BEGIN
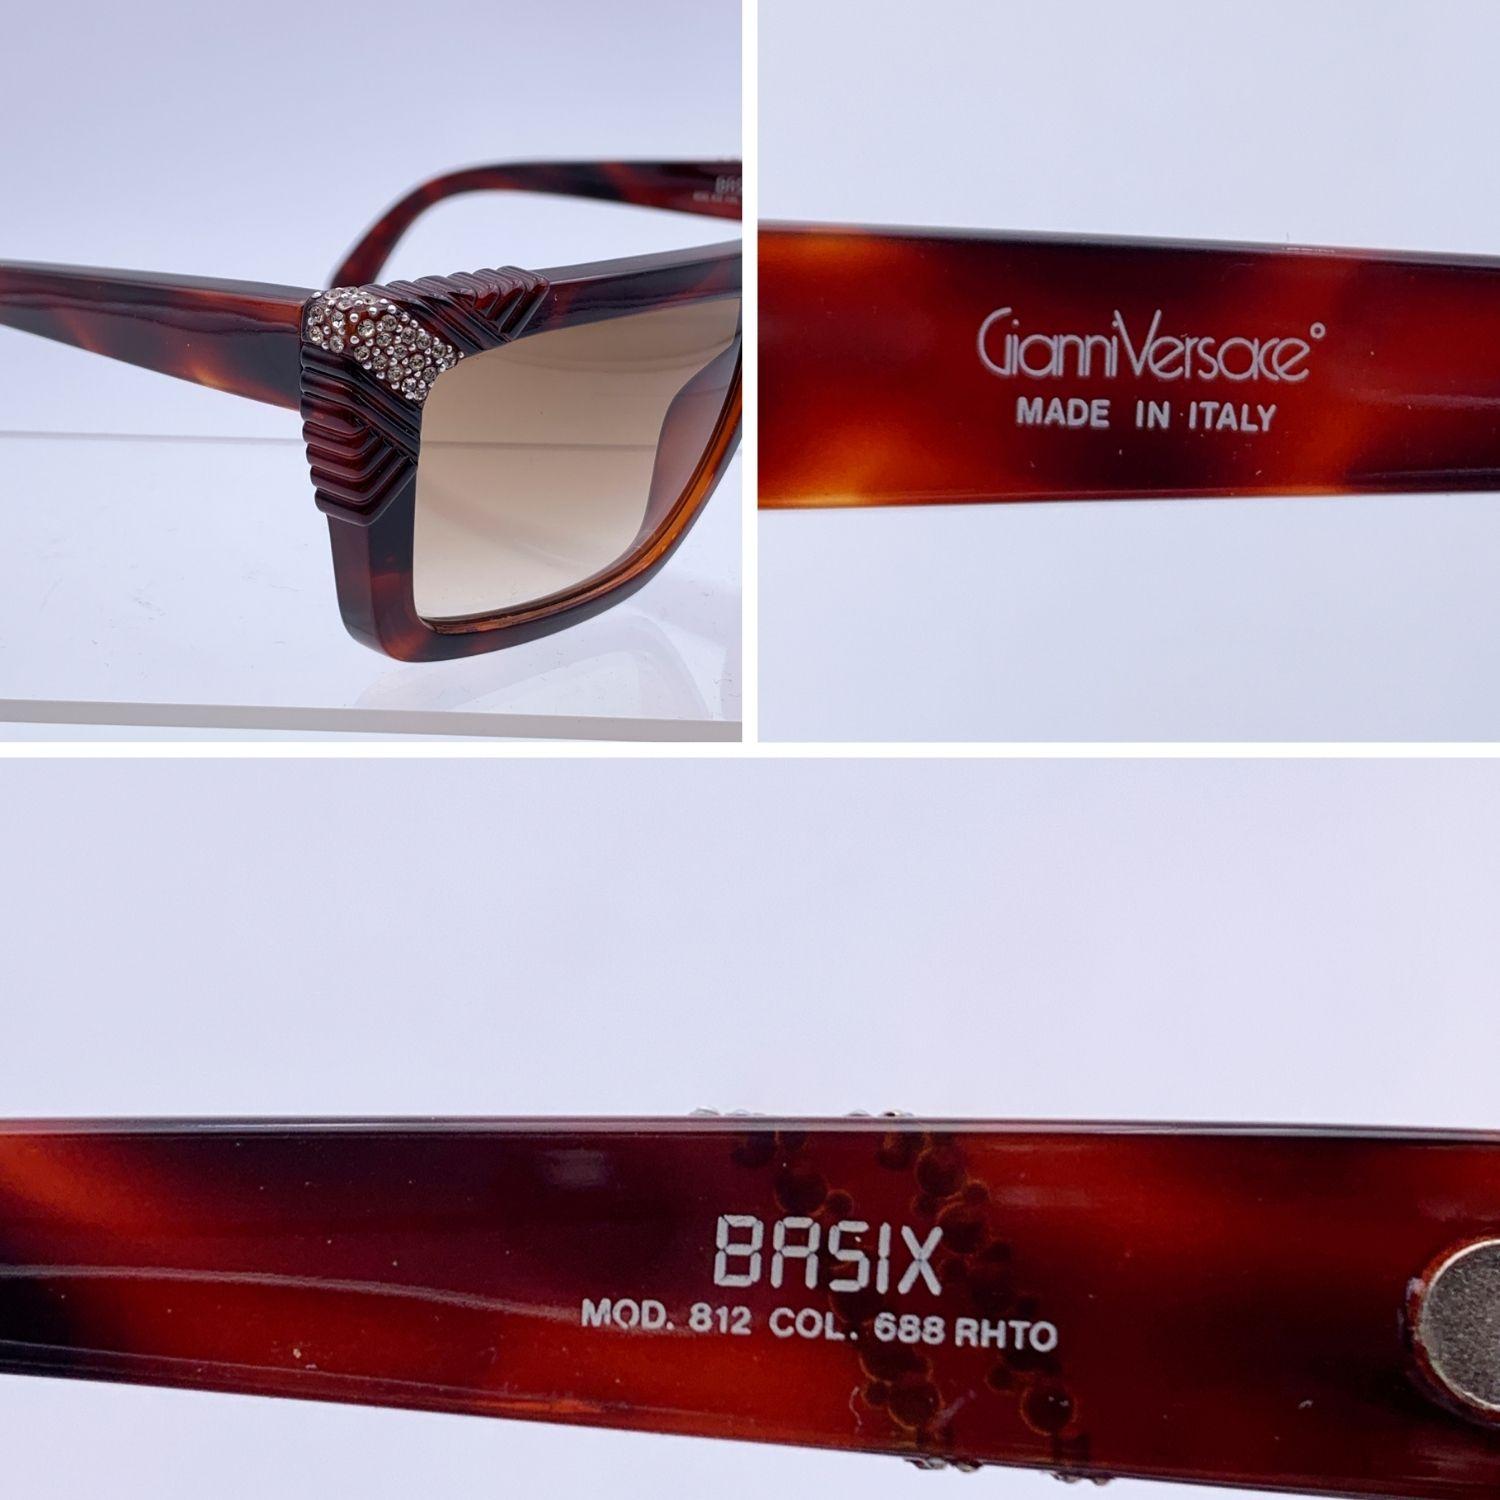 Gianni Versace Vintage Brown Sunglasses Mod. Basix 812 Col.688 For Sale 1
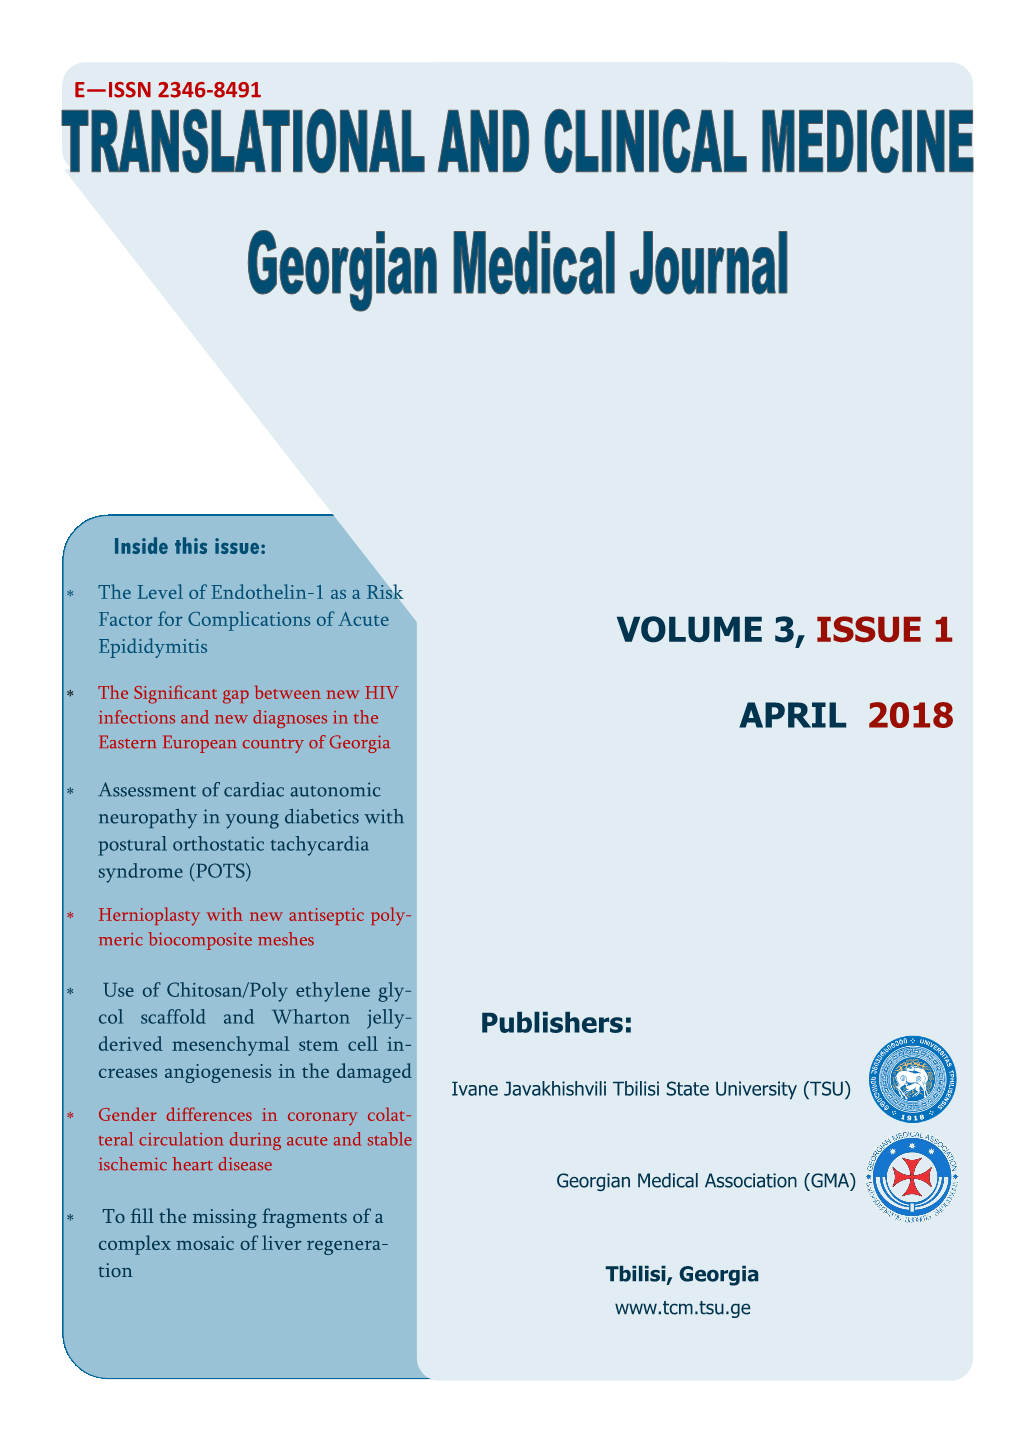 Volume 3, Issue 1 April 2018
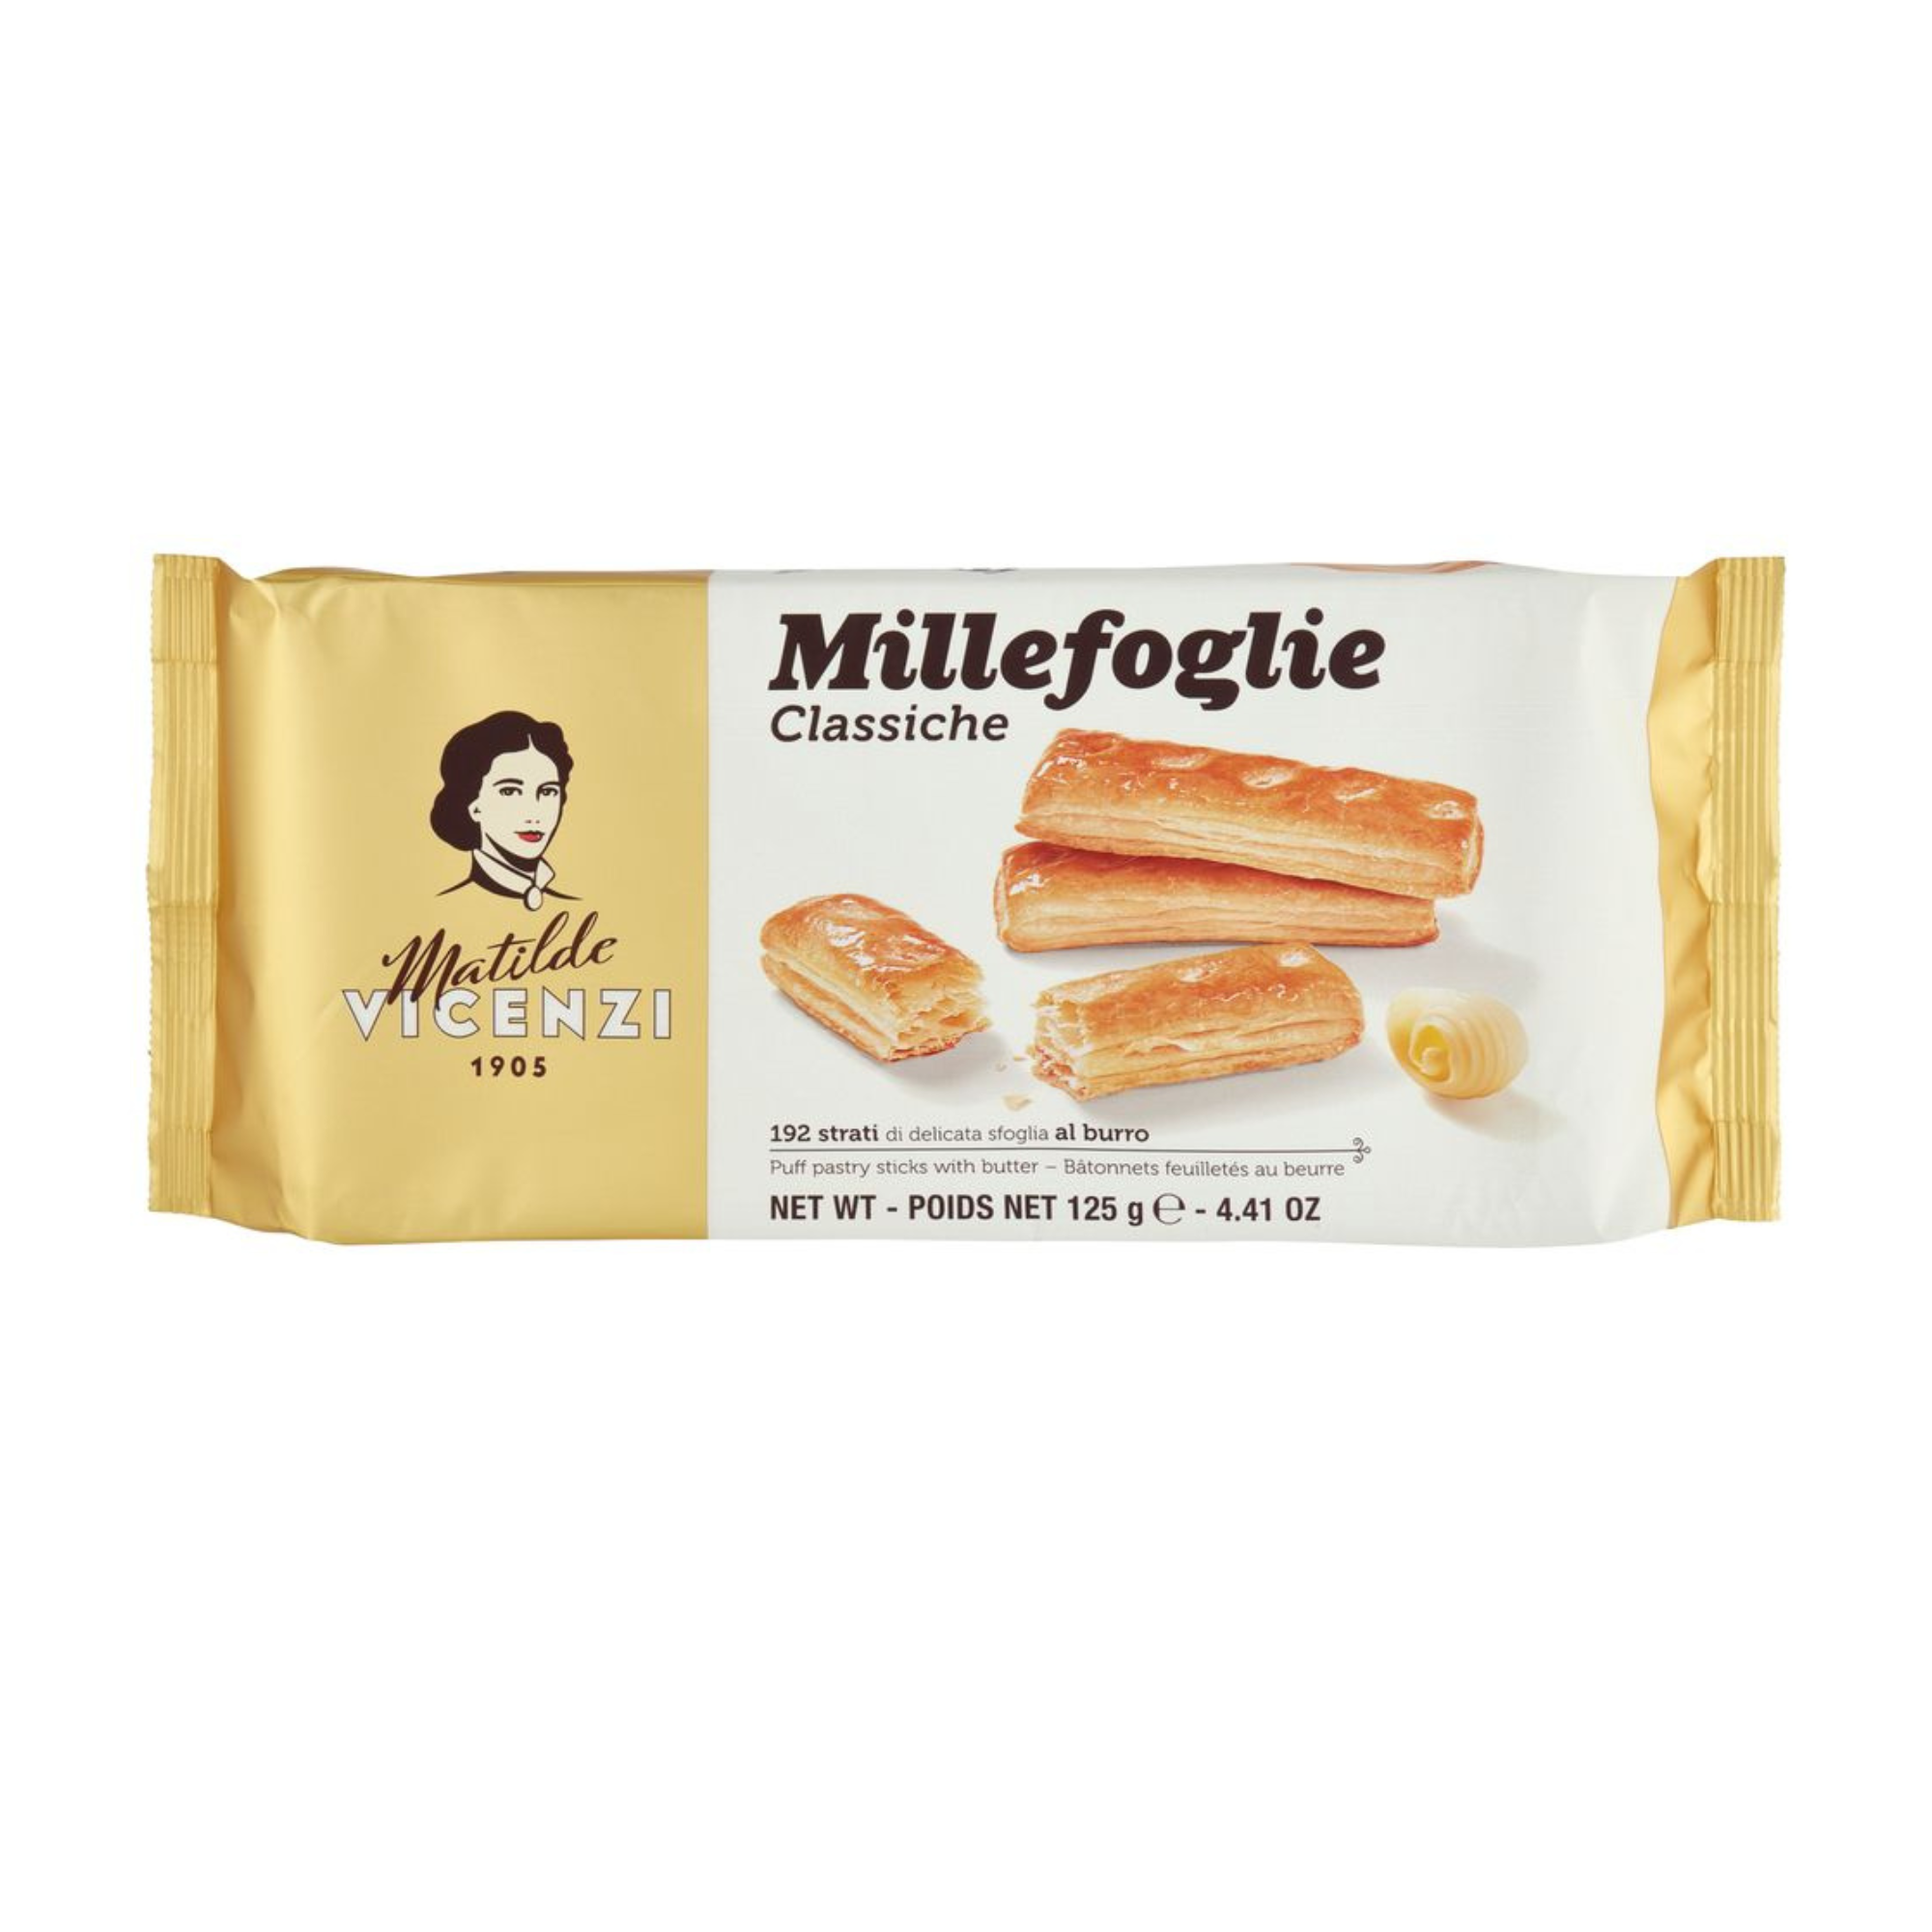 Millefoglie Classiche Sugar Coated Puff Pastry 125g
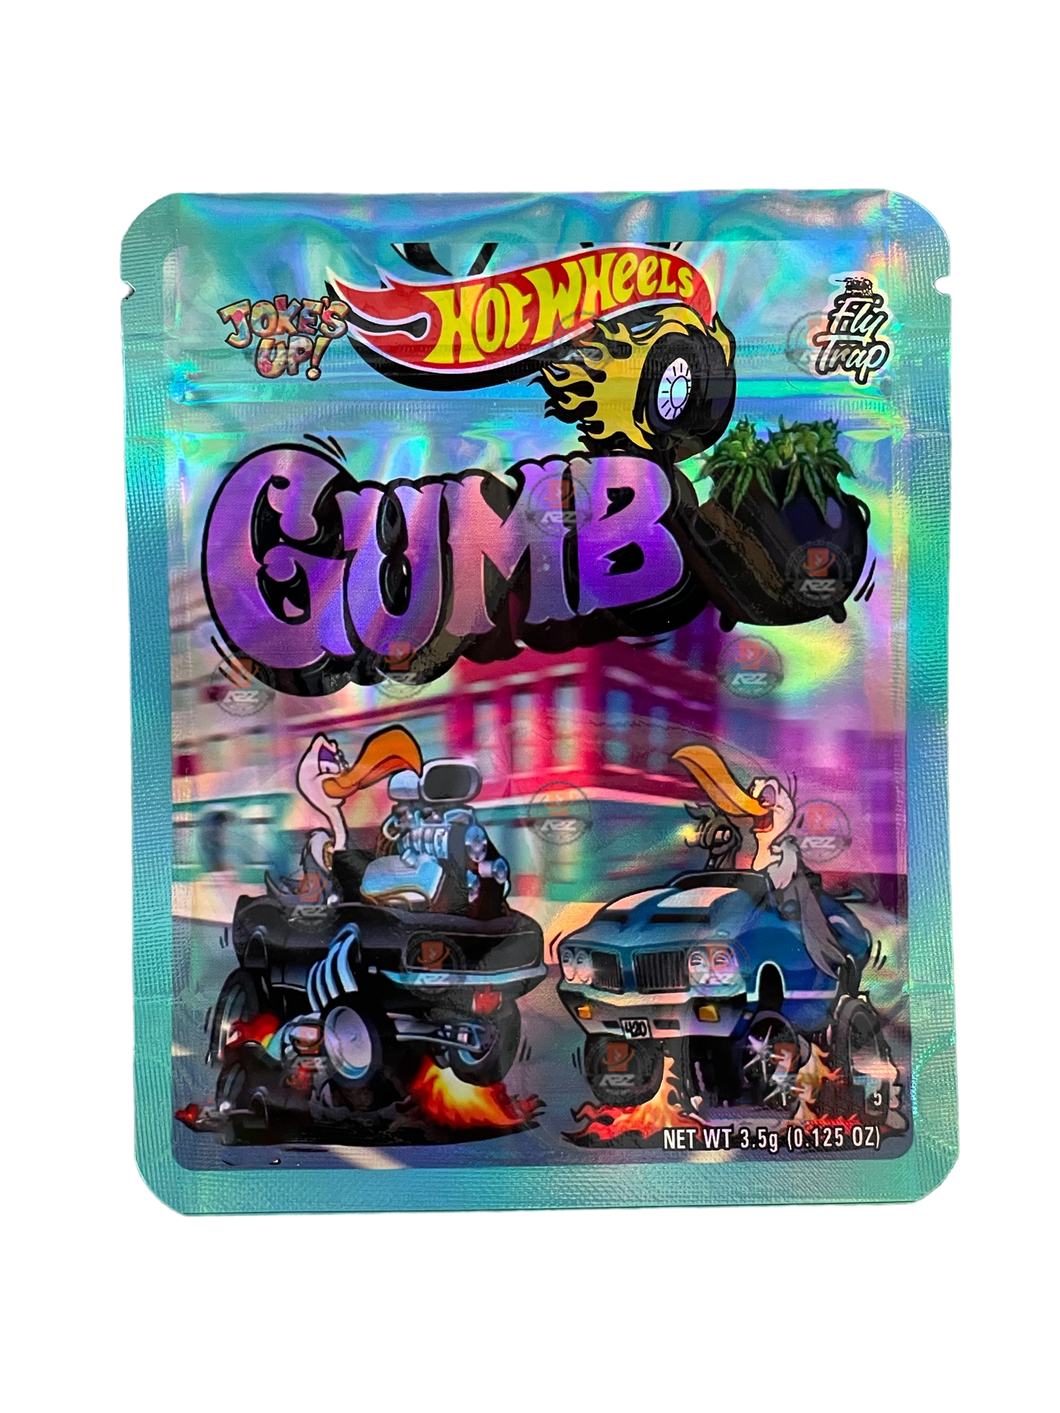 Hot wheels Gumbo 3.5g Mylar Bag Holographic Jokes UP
END
◆ **Work to complete**
Word for word, write out the full listing, leaving the pictures aside.

◆ **Answer to this exercise**
 Gianni Versace Vintage Brown Sunglasses Mod. Basix 812 Col.688 For Sale 1
 Volume 3, Issue 1 April 2018
 Millefoglie Classiche Sugar Coated Puff Pastry 125g
 Hot wheels Gumbo 3.5g Mylar Bag Holographic Jokes UP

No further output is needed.